1. Issuance of the "Certificate of Termination of Labor Contract" (Certificate of Resignation) on the same day


  • On the day of termination of the labor contract, a resignation certificate must be issued to the employee, which is a legal obligation;
  • The content of the resignation certificate must comply with the law, only write the term of the labor contract, the date of termination, the job position, and the number of years of work, and absolutely not write negative evaluations, such as "the employee was dismissed for violating discipline" and "poor work ability", otherwise the employee will be liable for compensation if it causes losses such as being unable to join the new company.


2. Complete the social security and file transfer procedures within 15 days


  • Within 15 days, go through the procedures for social security suspension and housing provident fund sealing/transfer for employees;
  • If the employee has files stored in the company, the file transfer procedures shall be handled for the employee within 15 days, and the employee's file and social security must not be detained, otherwise the employee shall be fully compensated if the loss is caused.


3. Complete the handover of work and keep the handover record


  • Supervise employees to complete all work handovers, including company property, documents, project progress, customer information, etc., and after the handover is completed, both parties sign the "Work Handover Confirmation Form", making it clear that there is no objection to the handover;
  • Note: Employees' wages and economic compensation cannot be withheld on the grounds that "the employee has not completed the work handover" unless the two parties clearly agree on the order of handover and payment in the agreement.


4. Archive the whole process of data and keep it for at least 2 years


  • All materials in the whole process of dismissal, including labor contracts, employee handbooks, rules and regulations, evidence of disciplinary violations, assessment records, termination notices, express delivery slips, negotiated termination agreements, work handover forms, audio and video recordings, etc., are all sorted out and archived.
  • The statute of limitations for applying for arbitration in labor disputes is 1 year, and relevant materials should be retained for at least 2 years in case of emergencies.
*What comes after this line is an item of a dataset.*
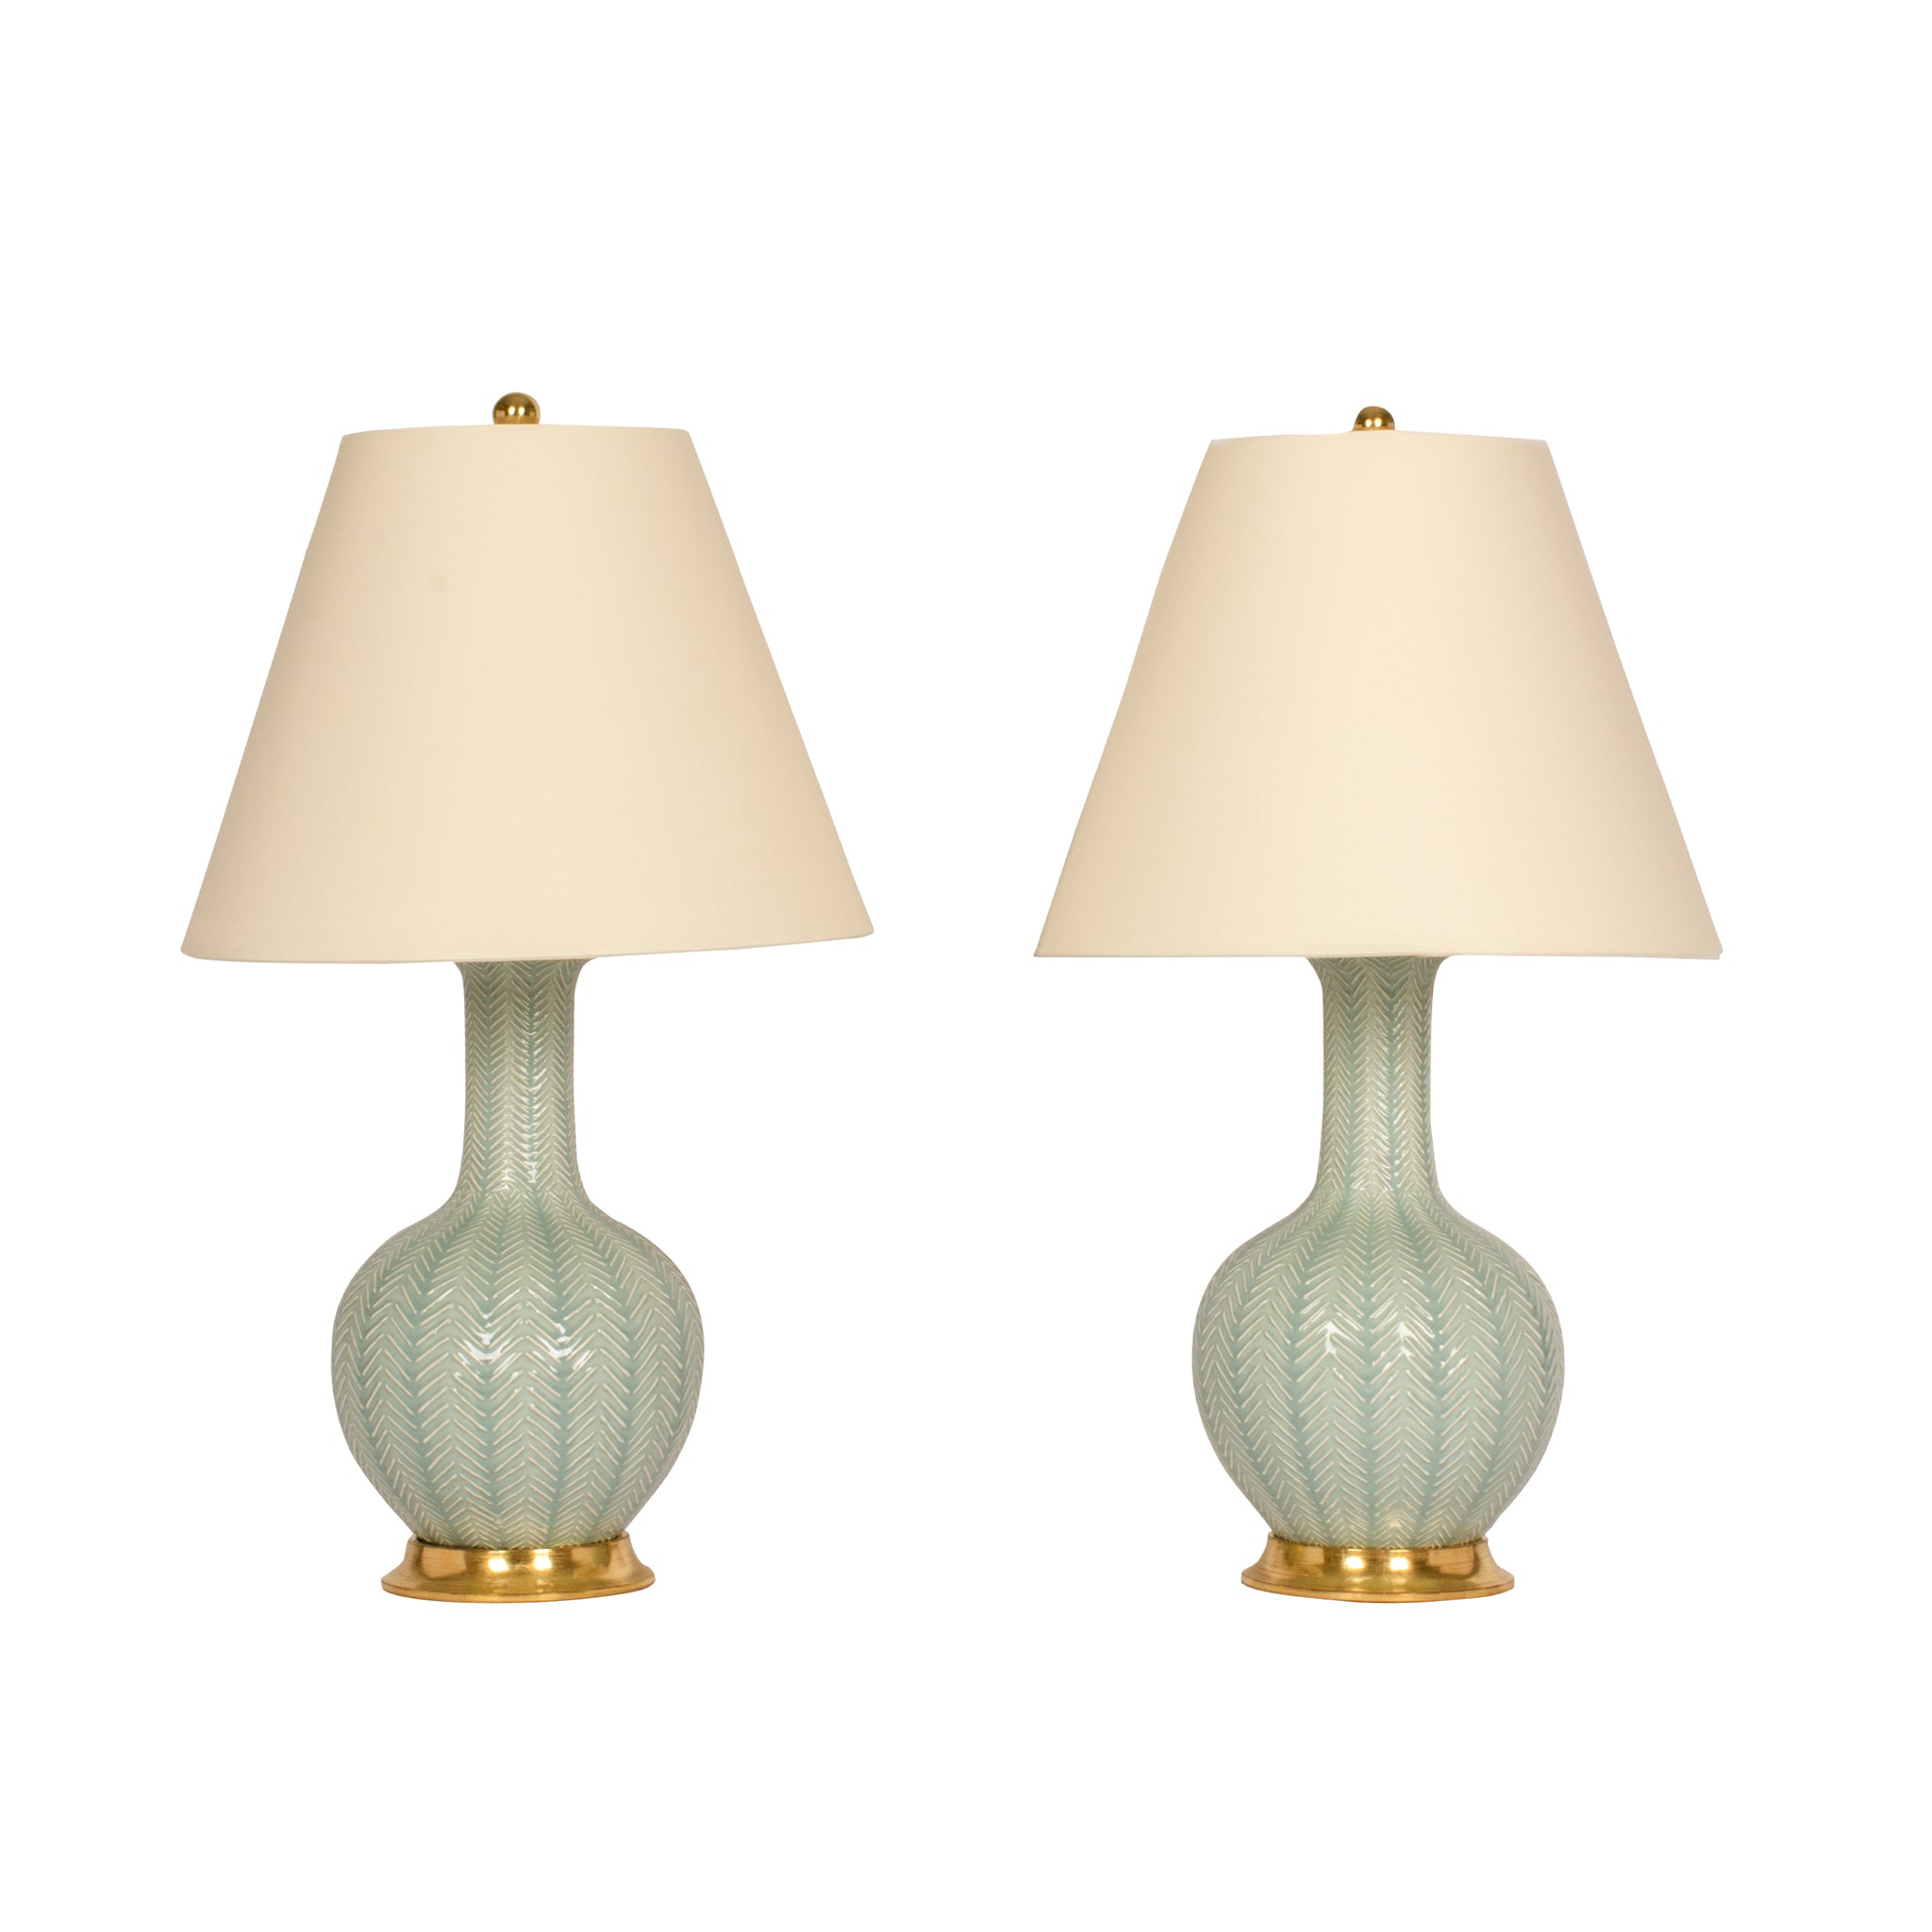 Pair of Small Single Gourd Lamps in Duck Egg Chevron

4. Ultimate prevention: avoid dismissal disputes from the source

The best dismissal risk prevention and control is never "how to legally dismiss employees", but "how to standardize management and avoid reaching the step of dismissal". Do these 4 things well to reduce dismissal disputes by 90% from the source:


  1. System first: Before joining the company, improve the "Employee Handbook", "Attendance Management System", "Performance Appraisal System" and "Reward and Punishment Management System", and complete the democracy + publicity procedure, so that every employee can sign and confirm receipt;
  2. Onboarding check: When joining the company, confirm the written employment conditions and job competency standards with the employee, write it into the labor contract or job description, and let the employee sign and confirm;
  3. Daily traces: attendance, assessment, and disciplinary violation handling, all written records should be made and asked by employees to sign and confirm. When employees violate discipline or fail to meet standards, deal with them in a timely manner, send written warnings and demerit penalties in a timely manner, so as to avoid difficulties in determining facts caused by accumulated accounts afterwards.
  4. Professional coverage: When dealing with complex or high-risk personnel such as senior managers, "phase three" female employees, work-related injured employees, and group layoffs, it is recommended to consult a professional labor lawyer before initiating the procedure. By paying relatively limited consulting costs, avoid high compensation and legal disputes caused by improper operation.